Over the years he learns a lot more about school but only a little about the world outside.

He learns that test results and grades are more important than learning about the world outside. In fact, they are so terribly important that if you don’t get the right ones, he’s been told, you won’t have a life. They are so important it makes him and some of the other kids ill trying to get what the teachers want them to get. They try so hard but still some of them don’t manage it. Those kids are disregarded.

And the grade getting does something to the teachers too. Where once there was a glimmer of something warm in their eye, this is wiped out by getting grades and by the word Ofsted.

Ofsted makes the teachers very impatient, very tense and very stressed. Except the day when someone sits in the classroom and watches them. Then they behave differently. They’re not impatient or humiliating that day.

As time goes on and the sparkle is long erased something else becomes erased too; parts of his personality.

He no longer has a personality truly his own. He has a school persona, one that enables him to fit in. Fitting in means not being who you want to be but being the same as everyone else.

Not fitting in means braving an emotional and physical pain far, far worse than falling off your bike or Gran dying. This pain is intensified every day by the group you don’t fit into sticking knives in the wound of who you are and twisting them. Telling the teachers makes it worse because some kids have control over the teachers too.

Even human kindness is secondary to fitting in.

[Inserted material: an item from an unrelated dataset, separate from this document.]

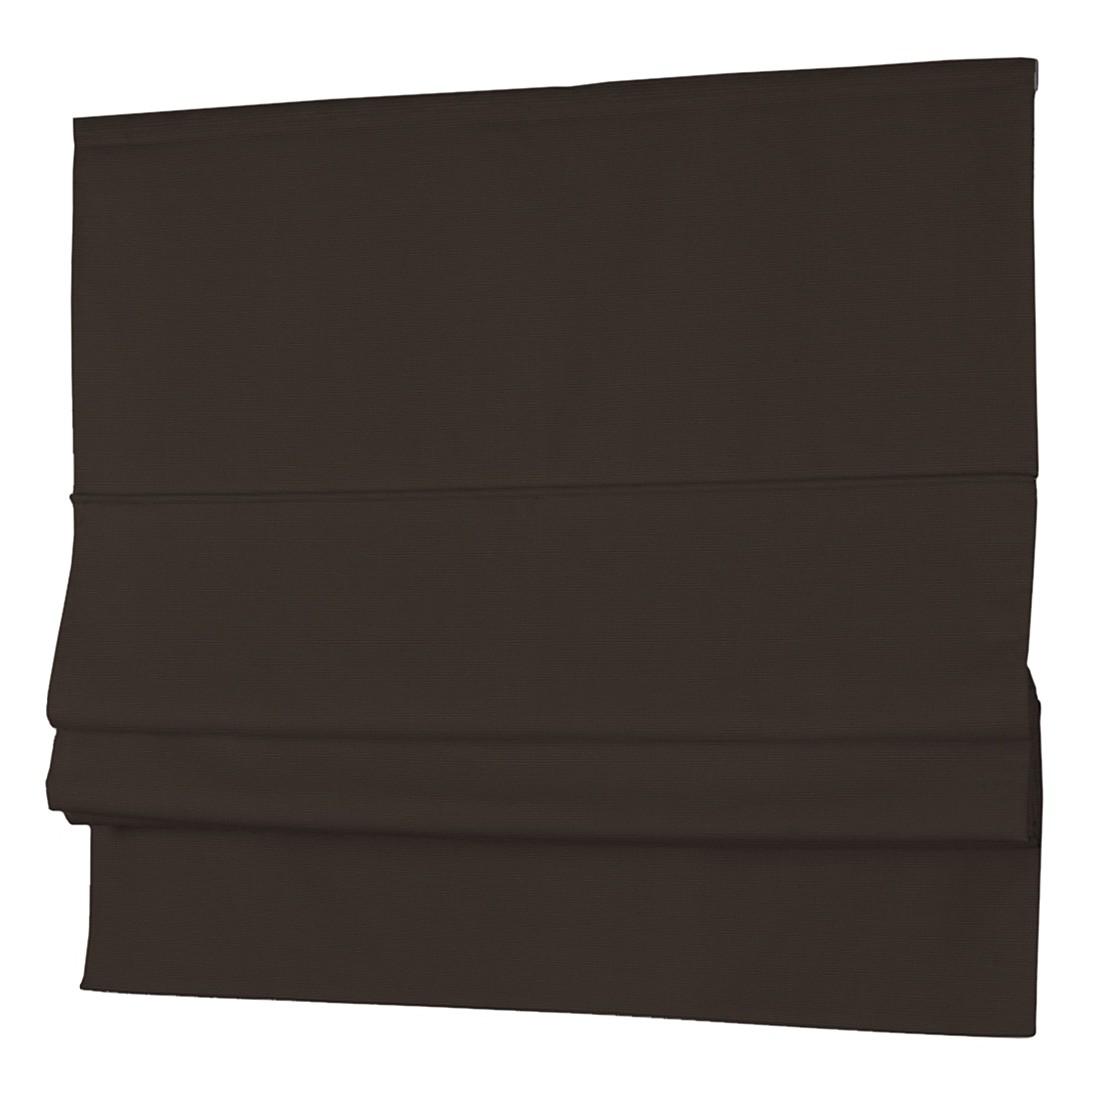 Raffrollo Cotton Panama – Dunkelbraun – 130 x 170 cm, Dekoria günstig bestellen

Fitting in is the only way to survive. Fitting in with the teachers. Fitting in with peer groups. Fitting in with what you’re supposed to learn however irrelevant it is to your normal life. And fitting into the big institution that is school which to him, now he’s studied Aldous Huxley, is worryingly similar to ‘Brave New World’ where everything is for the greater good and not the good of the individual. Where everything is manufactured, even people.

You have to fit in with that. If you don’t, you won’t get an education.

But finally he realises that even fitting in doesn’t guarantee an education because, on the whim of an adult who sometimes abuses their position of power, you could easily fall out of favour and fail to get the scores. He’s seen that happen to his friend. His friend’s done for. He won’t have a life – he’s been told.

So he doesn’t think about being an individual. In fact he doesn’t think at all. No one wants him to. They just want him to do the work, fit in and get the grades, whatever the cost…

Home education insane?

Well, everything is relative, and compared to the insanity described above, it seems to me to be a relatively sane, natural and appropriate way to educate our kids!